> _Task_:
Each line of the listing must be transcribed exactly, except for the images, which should be excluded.

> _Collected material_:
=== Begin Enclosure ===

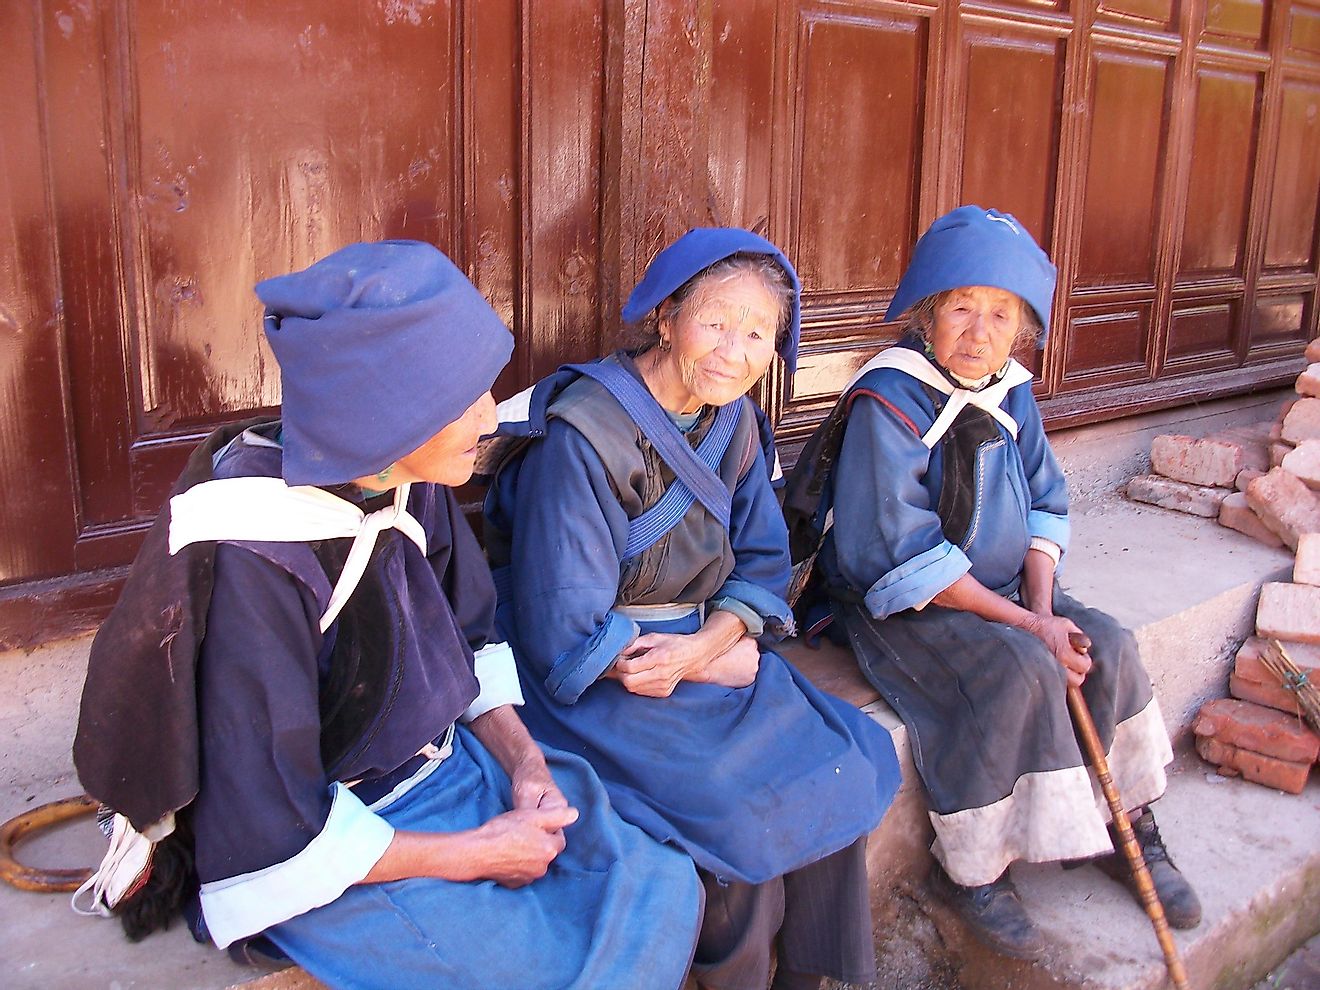 Mosuo women, China. Image credit: Alexander P Bell/Shutterstock
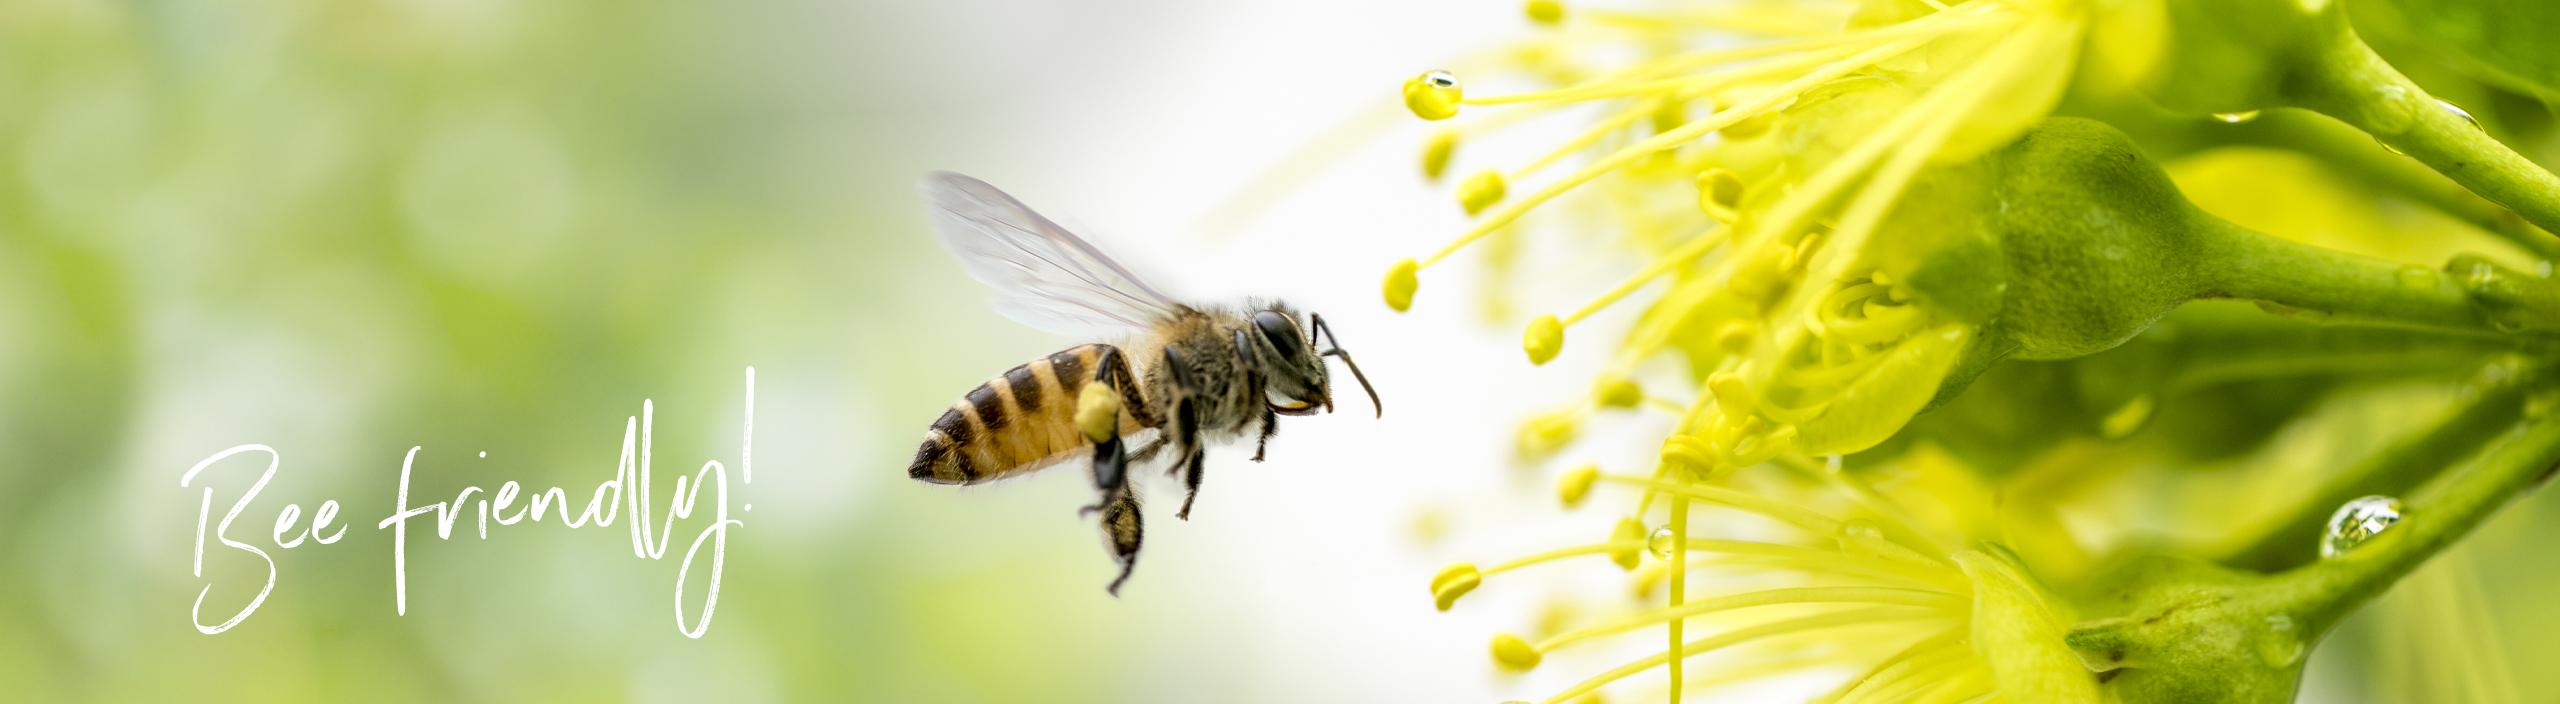 Bee flies towards a blossom
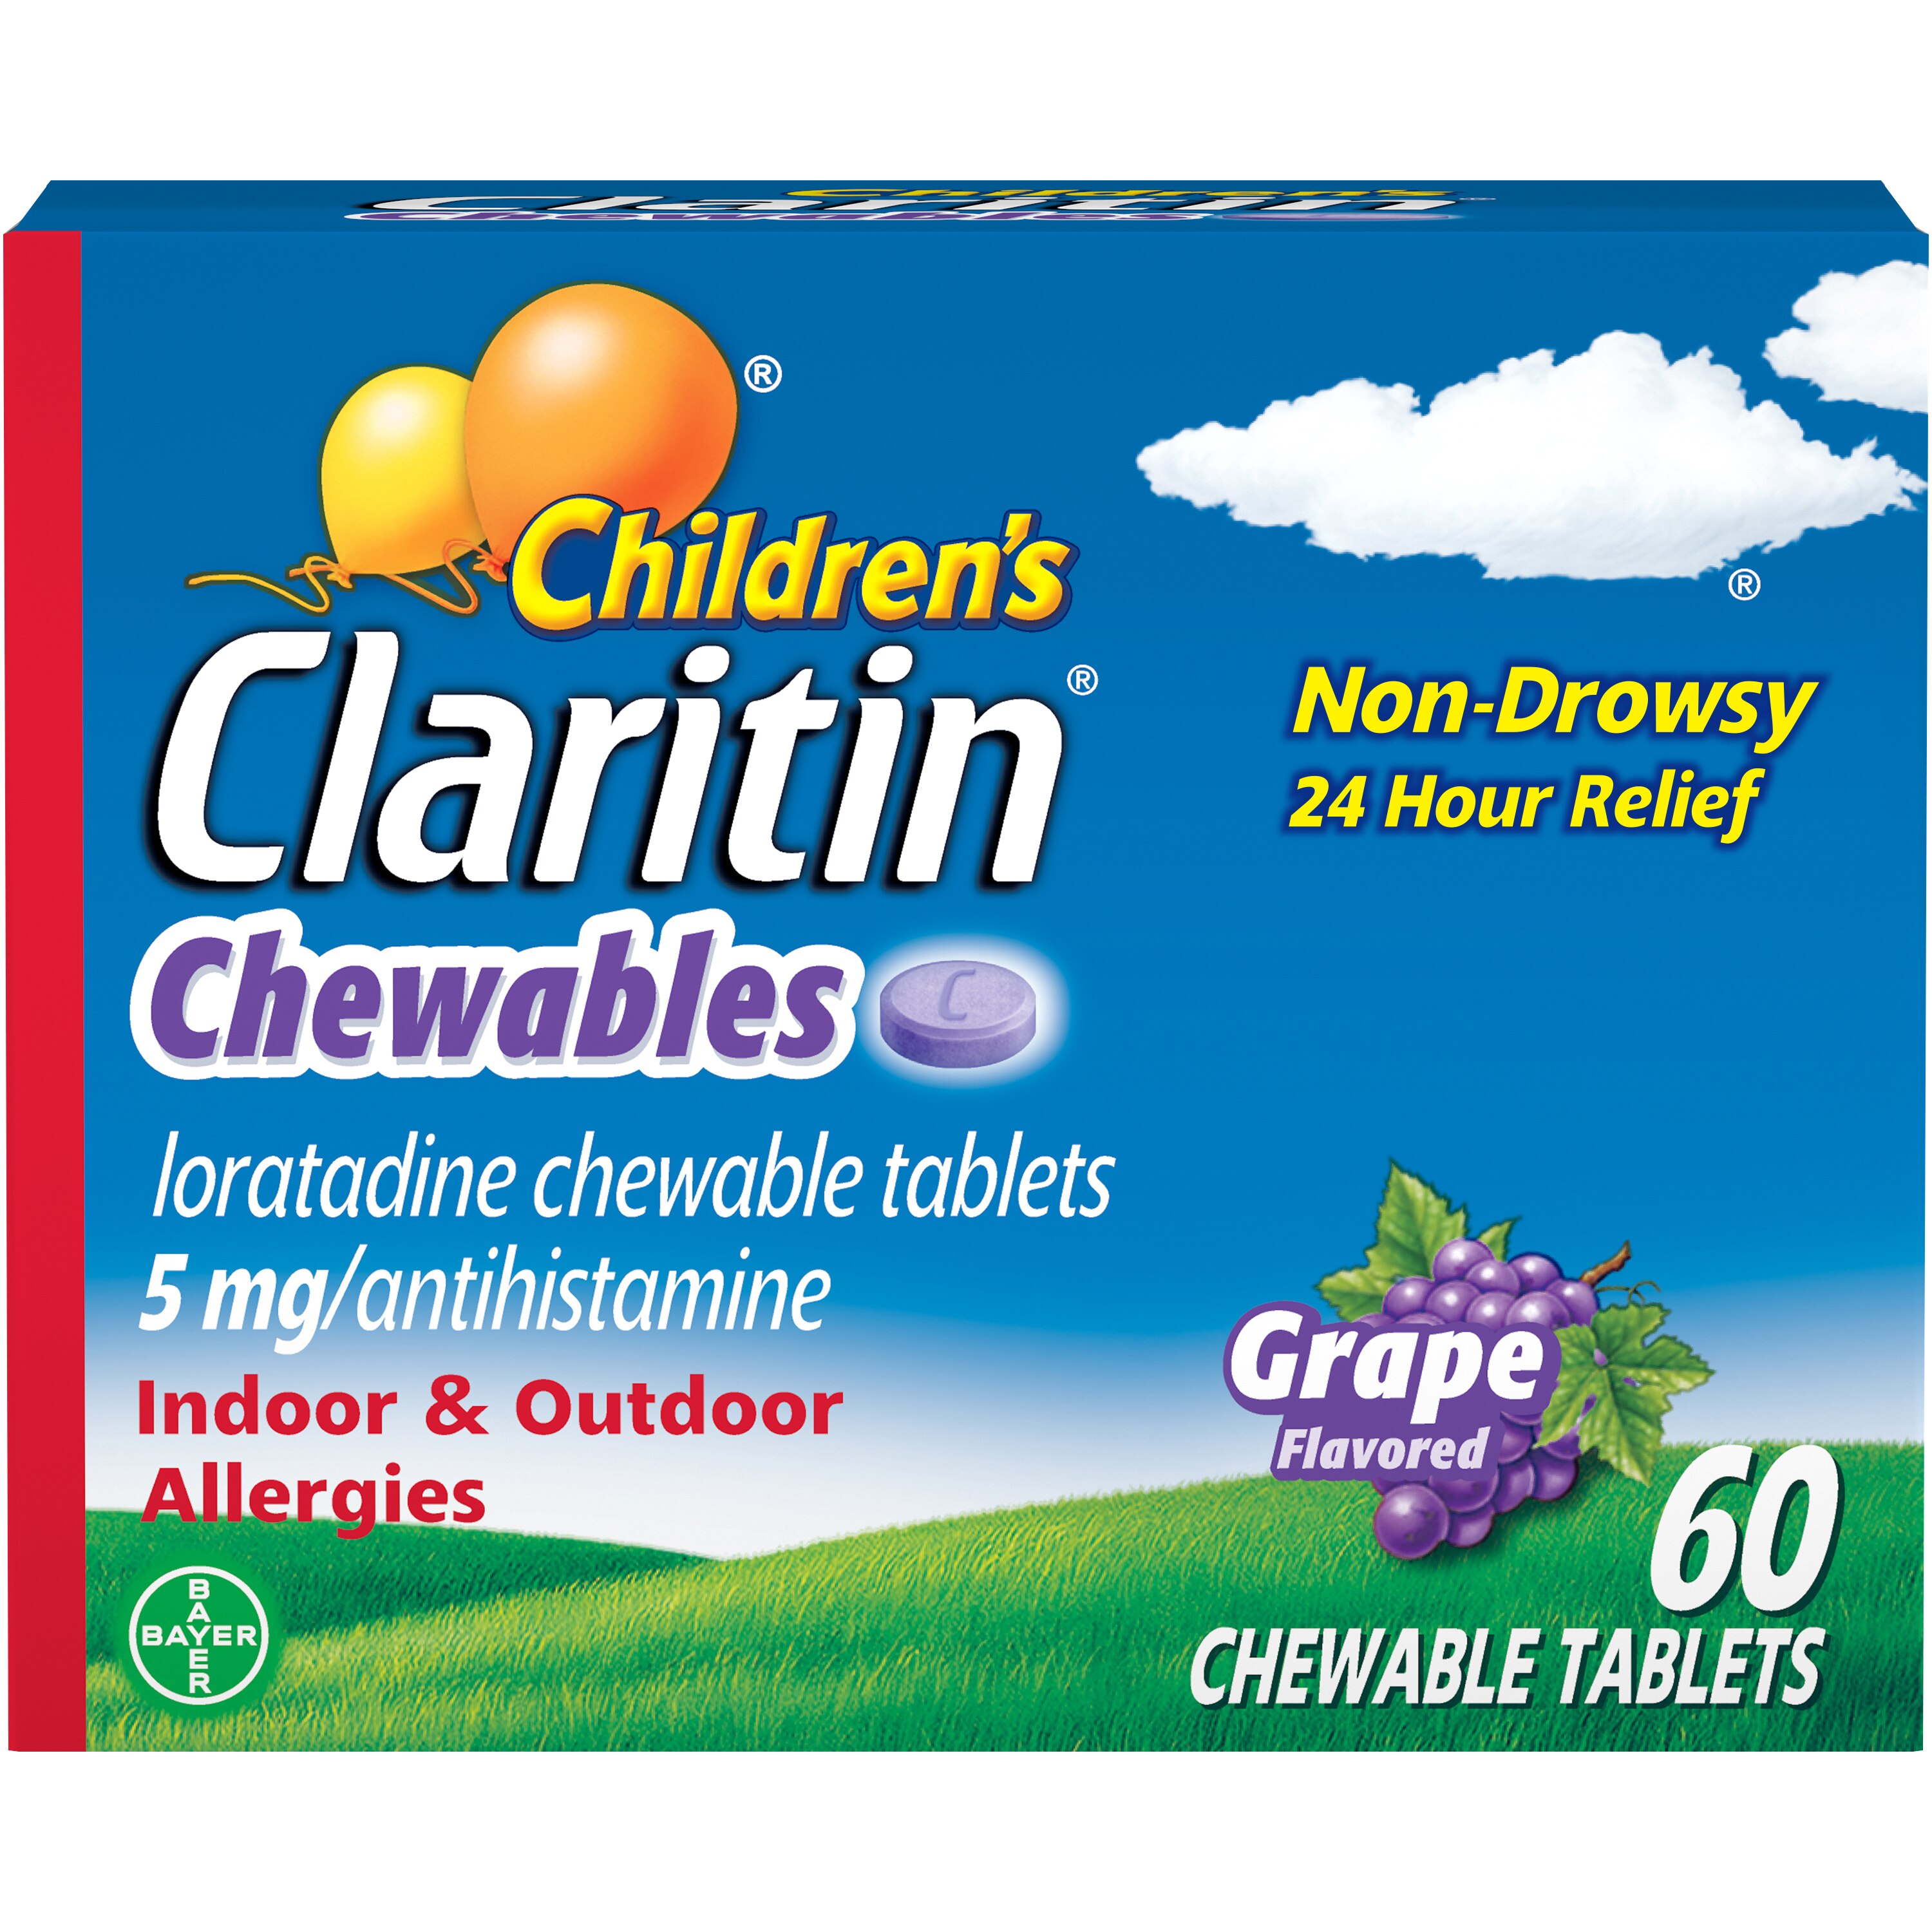  Claritin Children's 24 Hour Chewable Allergy Medicine for Kids, Non-Drowsy Allergy Relief, Loratadine Antihistamine, Grape Flavored Tablets, 60 Count

=== End Enclosure ===

> _Output of the task_:
 Mosuo women, China. Image credit: Alexander P Bell/Shutterstock
 Bee flies towards a blossom
  Claritin Children's 24 Hour Chewable Allergy Medicine for Kids, Non-Drowsy Allergy Relief, Loratadine Antihistamine, Grape Flavored Tablets, 60 Count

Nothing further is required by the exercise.